Ich mags weiter einfach lieber  
Aber eng darf man doch auch tragen, solang du dich wohl fühlst


----------



## nightwolf (6. Juli 2016)

Das ist einfach Optik-Mode-Firlefanz. Die MTB-Branche bzw. deren Kundschaft ist da ja anfaellig.

Denen kann man auch erzaehlen, dass die Felgen jetzt 2cm groesser sein muessen, dann wird auf einmal alles fahrbar was frueher nicht ging und 10 kilo Uebergewicht machen dann auch nix mehr aus. 
Und einen Umwerfer braucht man heute auch nicht mehr, es reichen 11 abartig teure Ritzel hinten (eine Rohloff-Nabe mit 14 Gaengen hingegen hat immer nicht gereicht) und 3x8 oder 3x9 ist jedenfalls heute out.


Casim schrieb:


> (...)
> VG
> der alte Carsten


Gruss zurueck vom alten Wolfi - Der sich jedenfalls nix sagen laesst


----------



## GoldenerGott (6. Juli 2016)

Mit der Bib auf dem MTB ist es wie mit der Badehose am Strand. Eigentlich besser, aber irgendwie out.


----------



## Casim (6. Juli 2016)

GoldenerGott schrieb:


> Mit der Bib auf dem MTB ist es wie mit der Badehose am Strand. Eigentlich besser, aber irgendwie out.


sehr geil!


----------



## trailbikesurfer (6. Juli 2016)

weil's Scheiße aussieht !
Am Besten noch Bierbauch und Gerolsteiner Trikot in XS !


----------



## ron101 (6. Juli 2016)

Weil die meisten Shorts rubuster sind wenns knallt, und nicht gleich aufgschlitzt, zerrissen sind.

Cheers
ron


----------



## nightwolf (6. Juli 2016)

Hier wurden schon alle Klischees bedient: 
http://www.mtb-news.de/forum/t/uci-ban-skinsuits.362600/


----------



## systemgewicht (6. Juli 2016)

Casim schrieb:


> Tatsächlich zeigt mir die Suche nach MTB-Hosen in diversen Shops nun diese (weiten) Shorts. Auf der HP meiner Radmarke kam mir das schon seltsam vor, ich habe aber eher aufs Bike geschaut und mir nichts dabei gedacht.
> Was ist da los? Bin ich mit meinen Bibs nun Old-School? Warum der Trend zum Flattern?
> VG
> der alte Carsten


Hier auf meinen üblichen Fahrstrecken ist man von so vielen Peinlichkeiten umzingelt. Gerade die alten Säcke auf ihren prunkvollen Cannondales und Specializeds (von 1992) tragen recht häufig auch noch Helme und Kleidung von damals. (Also nicht "wie von damals" sondern genau die von damals!)

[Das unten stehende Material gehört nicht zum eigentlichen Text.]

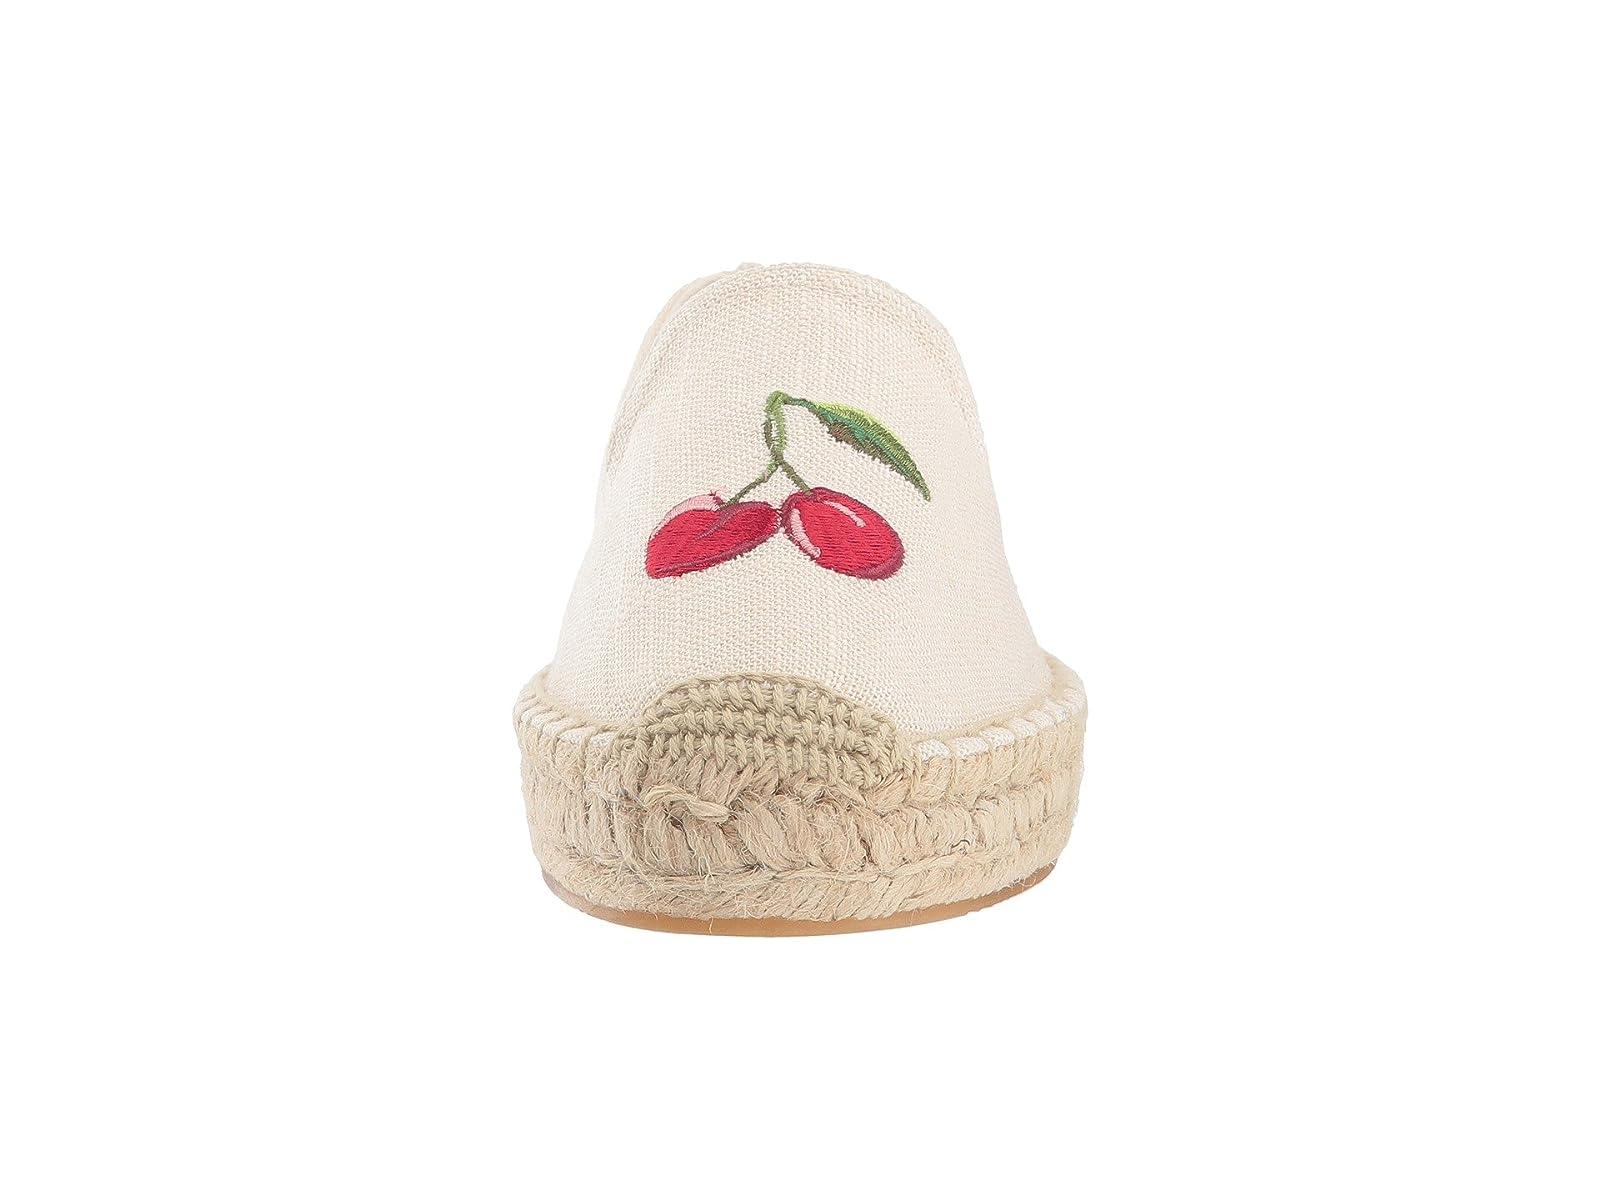 Soludos Soludos Soludos Cherries Smoking Slipper 92a211

In so fern gilt für mich: alles ist erlaubt. Ich habe Bibs und Baggy-Shorts und trage die nach Laune.


----------



## Deleted 217350 (6. Juli 2016)

eng = für 26"
Shorts = für 27,5"


----------



## MTB-News.de




----------



## Grossvater (6. Juli 2016)

Abragroll schrieb:


> eng = für 26"
> Shorts = für 27,5"


Meinst Du jetzt damit, ab ner gewissen Länge sollte man besser Shorts tragen?


----------



## adrenochrom (6. Juli 2016)

erste schicht eng
zweite schicht weit


----------



## 4mate (6. Juli 2016)

Casim schrieb:


> Was ist da los?


Nix von Belang. Die Erde dreht sich wie immer





Casim schrieb:


> Bin ich mit meinen Bibs nun Old-School?


Nein: Voll peinlich 
Kein Mann mit ETWAS  Verstand "trägt" Bibs (
	

	
	
		
		

		
			





) AUF DEM MOUNTAINBIKE   

Das ist ein absolutes NOOOO GO. Trägerhosen sind  Schwuckenradfahrern vorbehalten.
Bei denen ist eh Hopfen und Malz verloren 


Casim schrieb:


> Warum der Trend zum Flattern?


Da flattert nix. Das ist nur Einbildung.
Die Hosenbeine dienen der Kühlluftzuführung. Genau wie Luftleit"bleche" in der F1:




Übrigens ist die amtlich korrekte Bezeichnung "Baggys". Shorts sind keine Baggys. Und Baggys keine Shorts
Schreibe deshalb 100 Mal in dein Vokabelheft: "Ich werde auf des Mauntebeik nur noch Baggys tragen"

PS
Dein Helm ist wohl noch ne Eierschschale ohne nennenswerte Lüftungsschlitze aus dem letzten Jahrtausend?


----------



## cxfahrer (6. Juli 2016)

GoldenerGott schrieb:


> Mit der Bib auf dem MTB ist es wie mit der Badehose am Strand. Eigentlich besser, aber irgendwie out.


 
Demzufolge ist es mit einer Bib eigentlich genau ein Kleidungsstück zuviel. Aber nackt auf dem Fahrrad... ?
Mit so Bibs fühle ich mich auch immer irgendwie nackt - und die Fotos von mir von vor 15 Jahren mit Bib  - peinlich....


----------



## S-H-A (6. Juli 2016)

trailbikesurfer schrieb:


> weil's Scheiße aussieht !
> Am Besten noch Bierbauch und Gerolsteiner Trikot in XS !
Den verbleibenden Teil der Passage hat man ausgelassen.